Robert Capa: scopri il suo talento - Tecnica Fotografica

Robert Capa: scopri il suo talento

Robert Capa è fondamentale. E se non lo conosci ora puoi recuperare l’occasione. L’arte fotografica, è la sola che — nel tempo di uno scatto — cattura, cristallizzando, un frammento di realtà destinato, forse, a divenire storia.

Quello che la macchina fotografica restituisce è un disegno di luci ed ombre che, a partire dal tempo presente, raggiunge la dimensione eterna — magicamente — fermando le lancette dell’orologio.

Hic et nunc, letteralmente qui ed ora: l’espressione latina sintetizza in modo eccellente il miracolo che la fotografia compie, nelle due dimensioni dello spazio e del tempo, immagine dopo immagine.

La fotografia, coi suoi scatti di una serie infinita di colori vividi e sfumature accennate, è stata la testimone silenziosa degli anni che si sono susseguiti a partire dalla prima immagine catturata in Francia durante l’estate del 1826, prendendo ispirazione da quel tutto onnipresente che (chissà perché) rapisce, in un tempo senza tempo, l’attenzione di colui che ne è l’esecutore: il fotografo.

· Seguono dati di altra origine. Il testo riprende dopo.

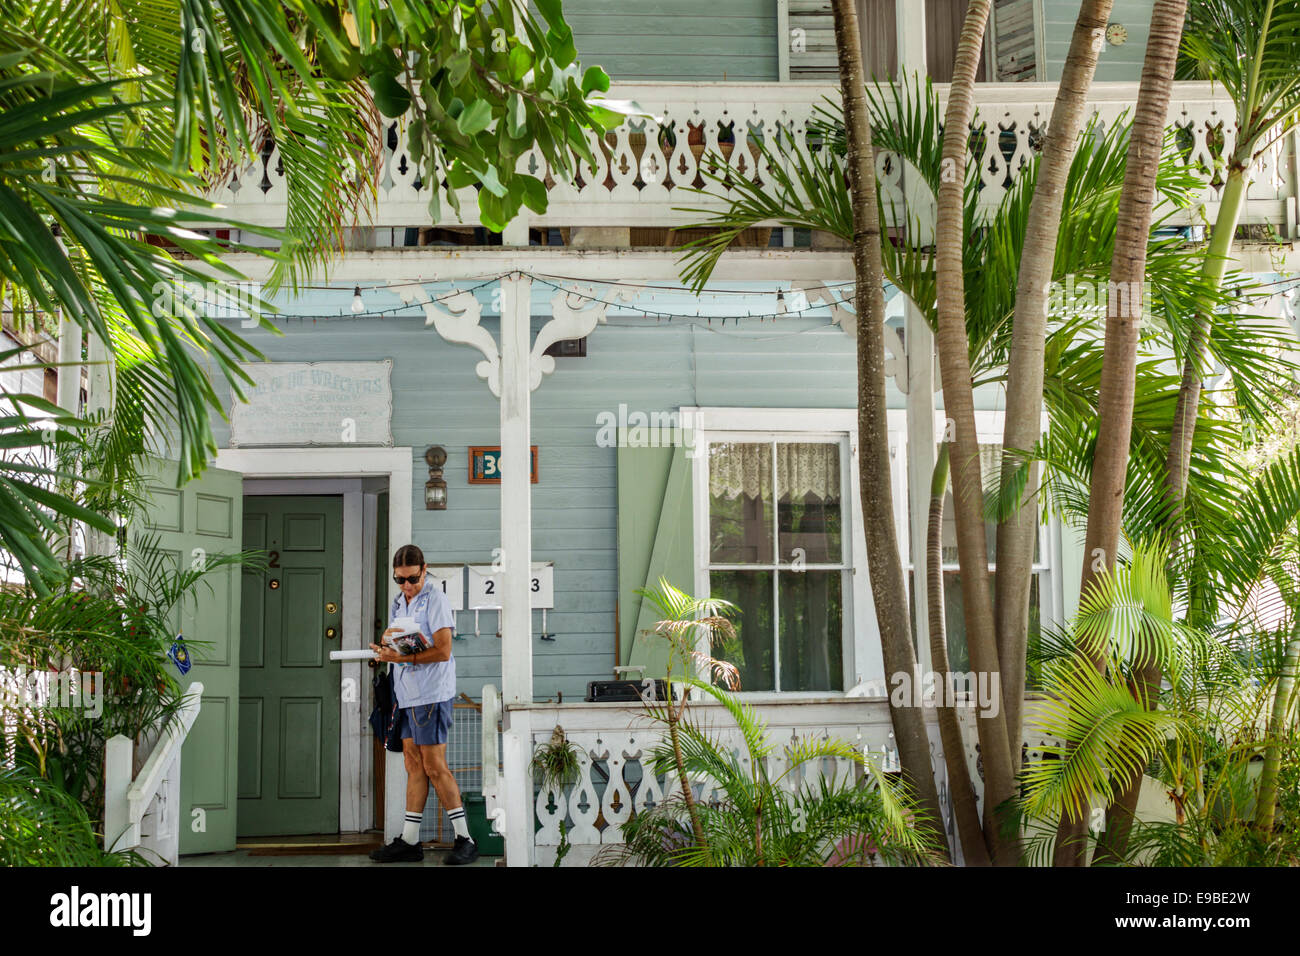 Key West Florida,Keys Whitehead Street,adultes femme femme femme femme femme,livraison de courrier,postal,aménagement paysager tropical végétation,plantes,arbres,visiteurs Banque D'Images

  • La fotografia “Ragazza Afgana” di Steve Mc Curry, copertina del National Geographic Magazine nel giugno 1985.
  • Gli scatti di denuncia di Sebastião Salgado, quelli “”glam”” di Mario Testino,
  • i paesaggi in bianco e nero di Michael Kenna, le trasgressive immagini pubblicitarie di Oliviero Toscani, i teneri ritratti di Anne Geddes, le curiose nature morte di Timothy Hogan, gli imponenti luoghi sacri di Kenro Izu.

Questo è quanto ci offre la fotografia contemporanea, grazie a coloro che sono considerati i suoi rappresentanti viventi più illustri.

Volgendo però, lo sguardo indietro nel tempo, non posso non fare un nome: Rober Capa.

IL PODCAST SU ROBERT CAPA FOTOGRAFO

Prima di continuare, specie se è la prima volta che leggi il mio blog, ti vorrei suggerire di iscriverti alla newsletter. I motivi ti possono sembrare banali, ma in realtà iscrivendoti riceverai prima di tutto, e gratuitamente, dei materiali per apprendere alcune tecniche fotografiche. Per secondo, riceverai settimanalmente dei consigli e suggerimenti fotografici rivolti esclusivamente a chi è iscritto. CLICCA QUI PER SAPERNE DI PIÙ »

Robert Capa

Questo file è licenziato in base ai termini della licenza Creative CommonsAttribuzione-Condividi allo stesso modo 4.0 Internazionale

Robert Capa — L’uomo

Robert non è il suo nome e Capa non è il cognome di suo padre.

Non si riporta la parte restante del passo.